About this task ->
Beginning with the line containing "Kuryakyn Momentum Luggage Outrider" and ending at the last line of the data, set down every line exactly, leaving out all pictures.

Supplied information ->
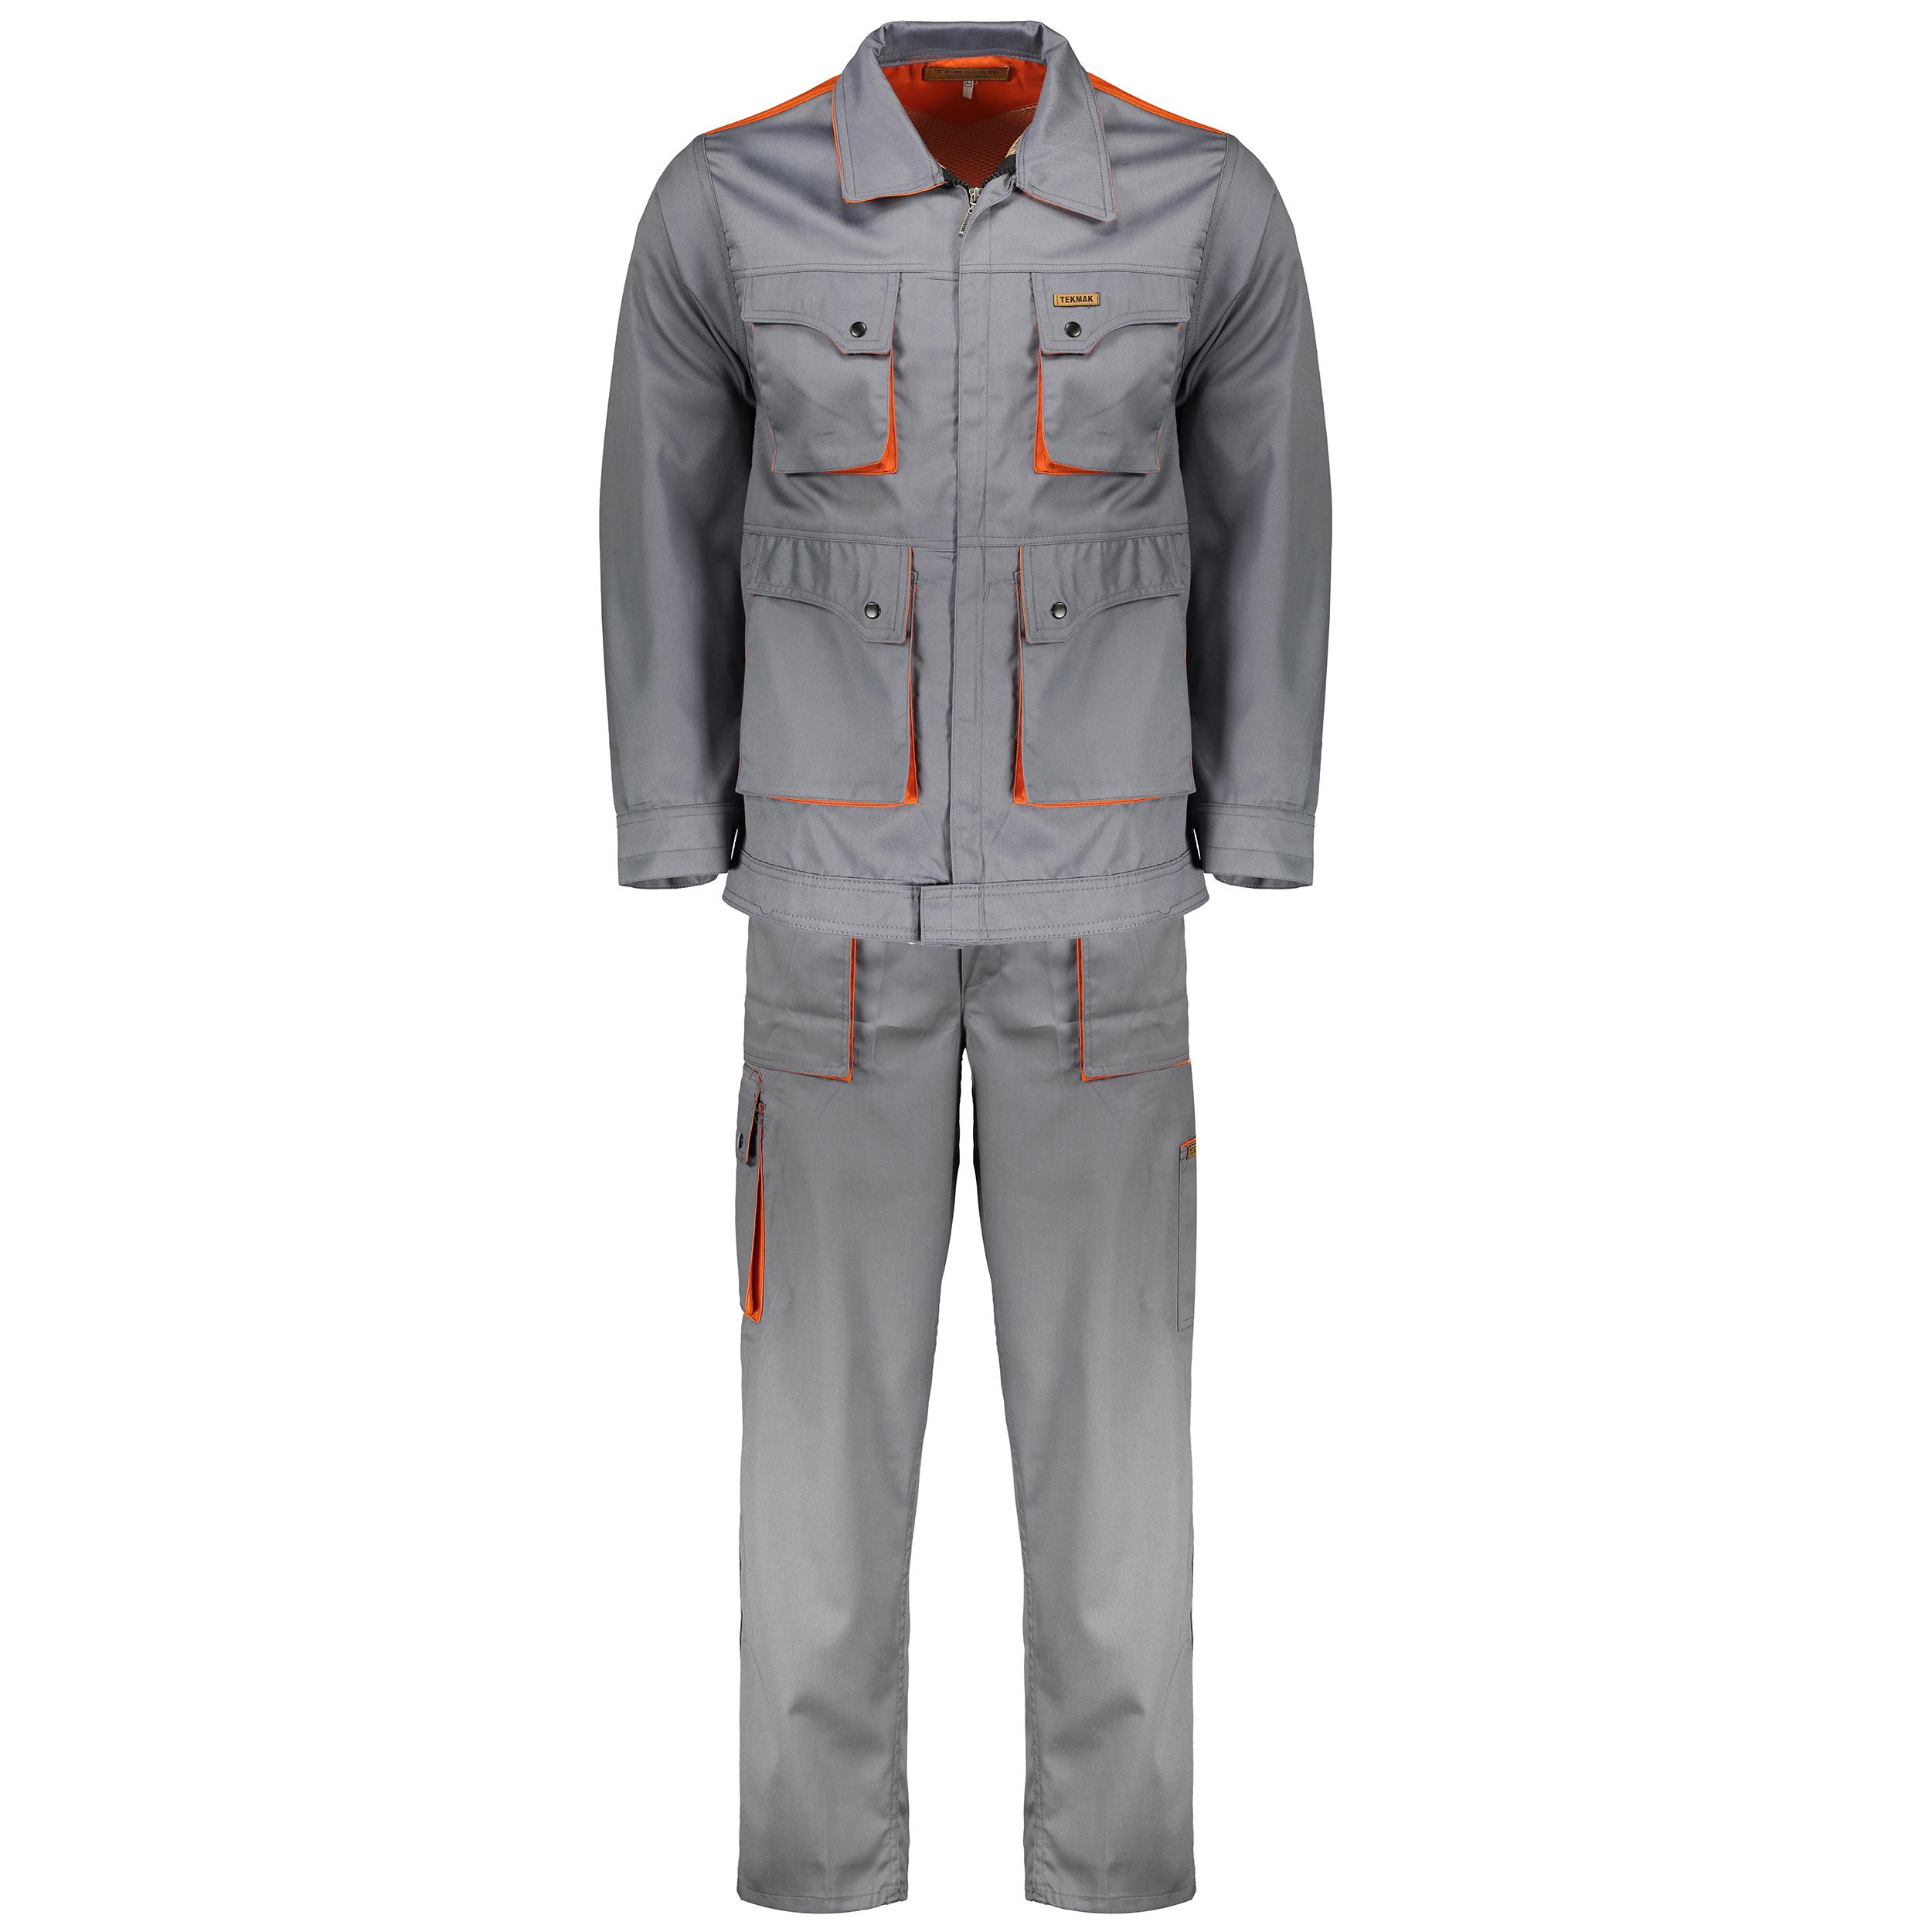 لباس کار سبلان  کد 01 مدل طوسی نارنجی
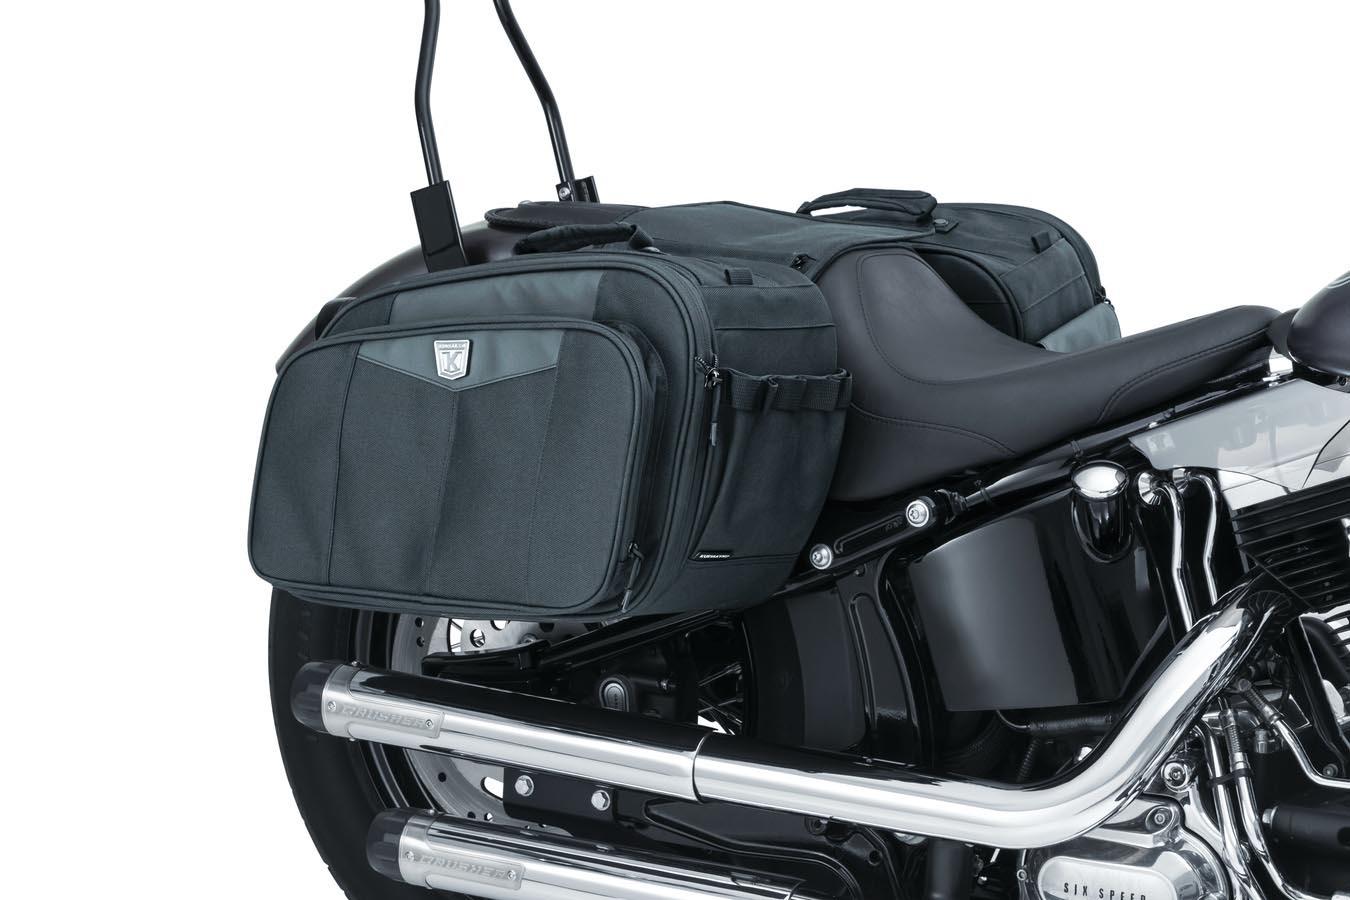 Kuryakyn Momentum Luggage Outrider
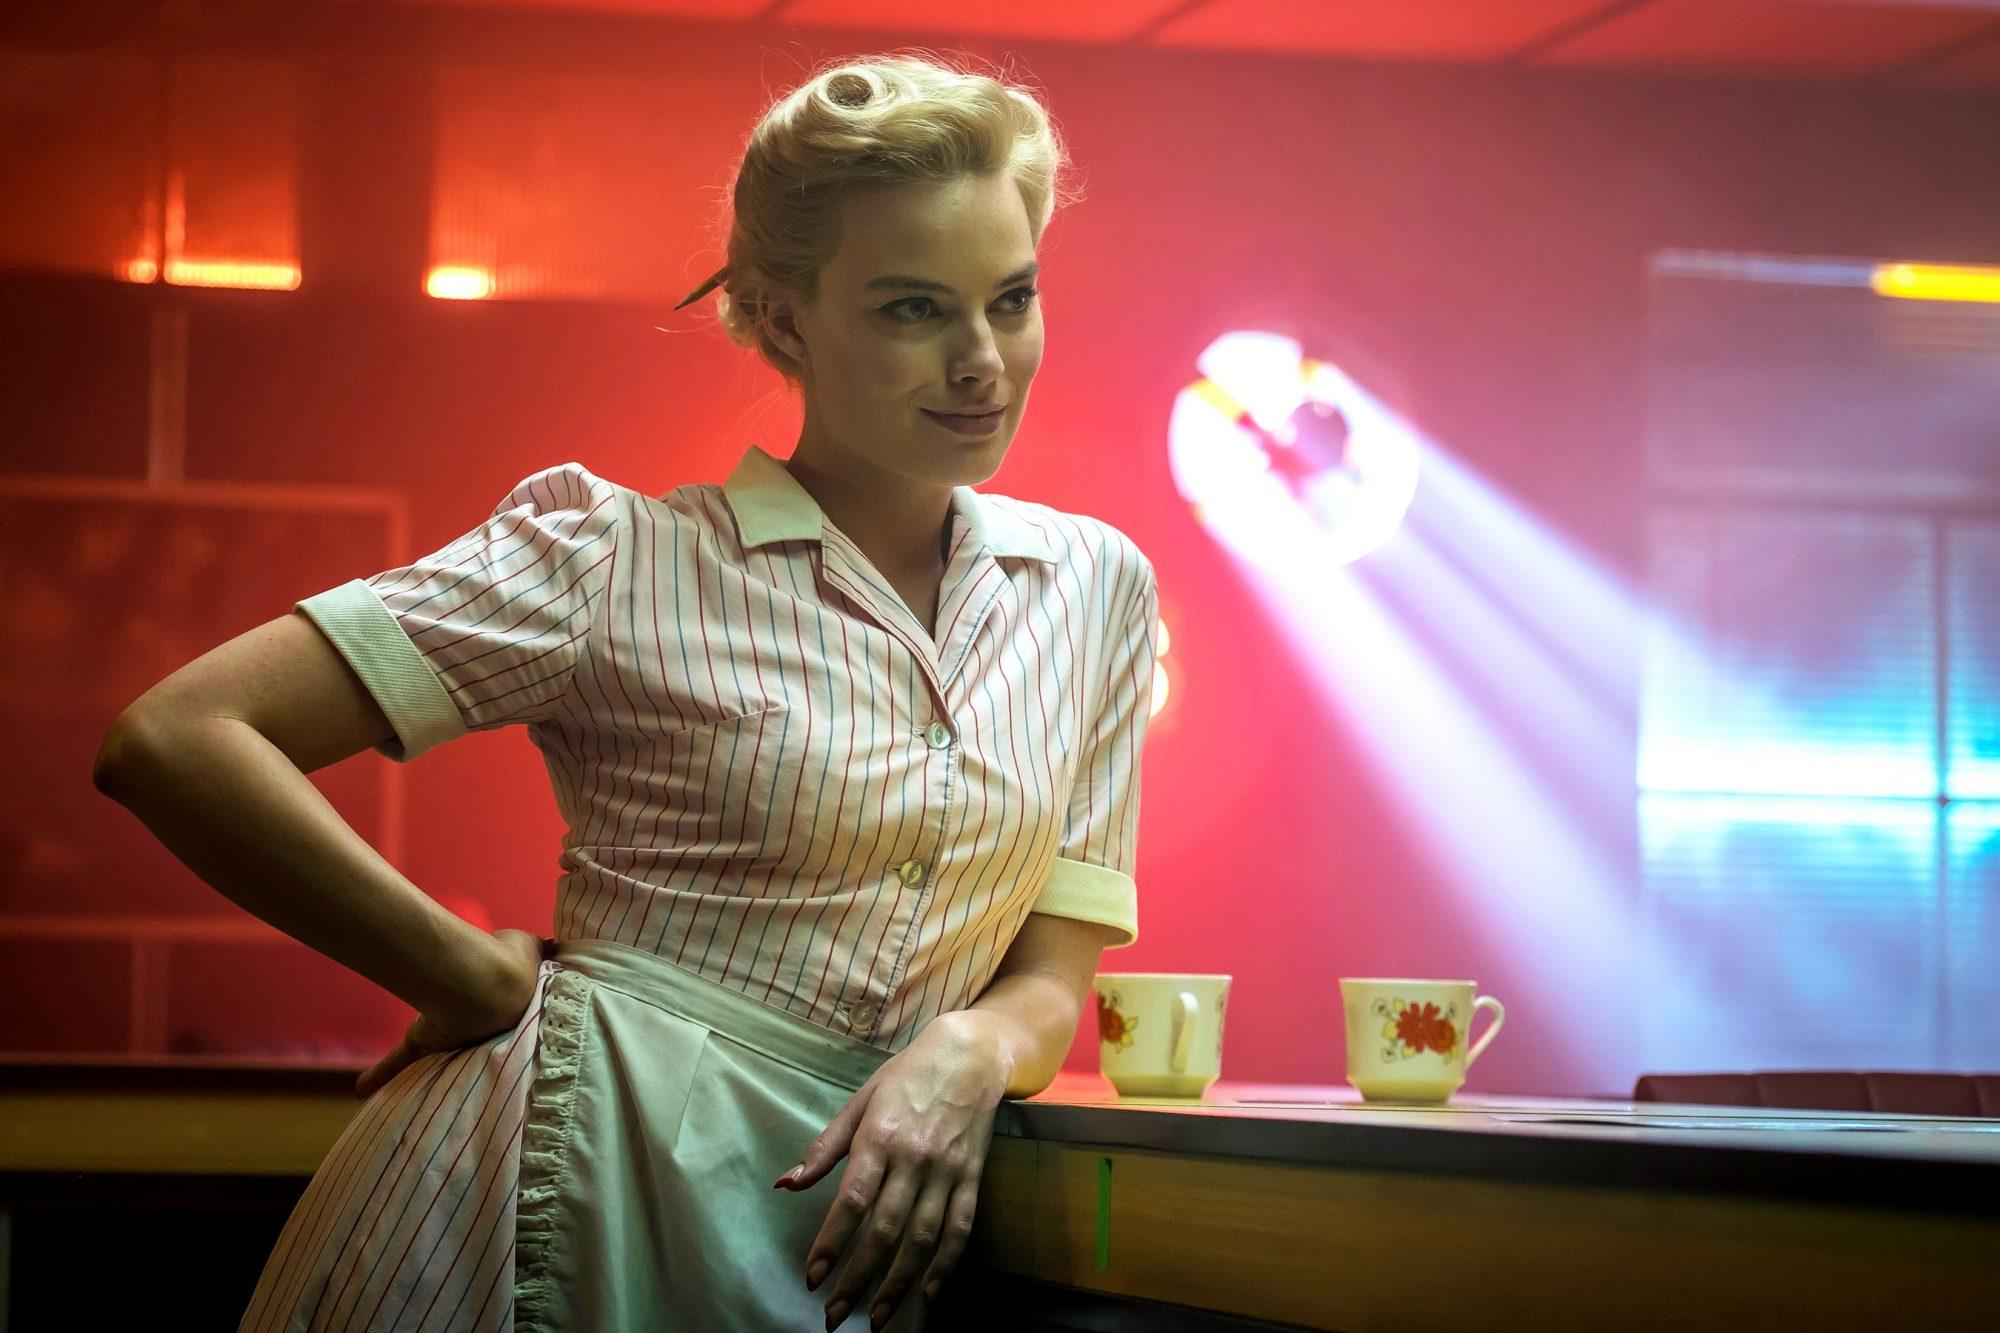 TerminalMargot Robbie as Annie CR: RLJE Films

Answer for the task ->
 Kuryakyn Momentum Luggage Outrider
 TerminalMargot Robbie as Annie CR: RLJE Films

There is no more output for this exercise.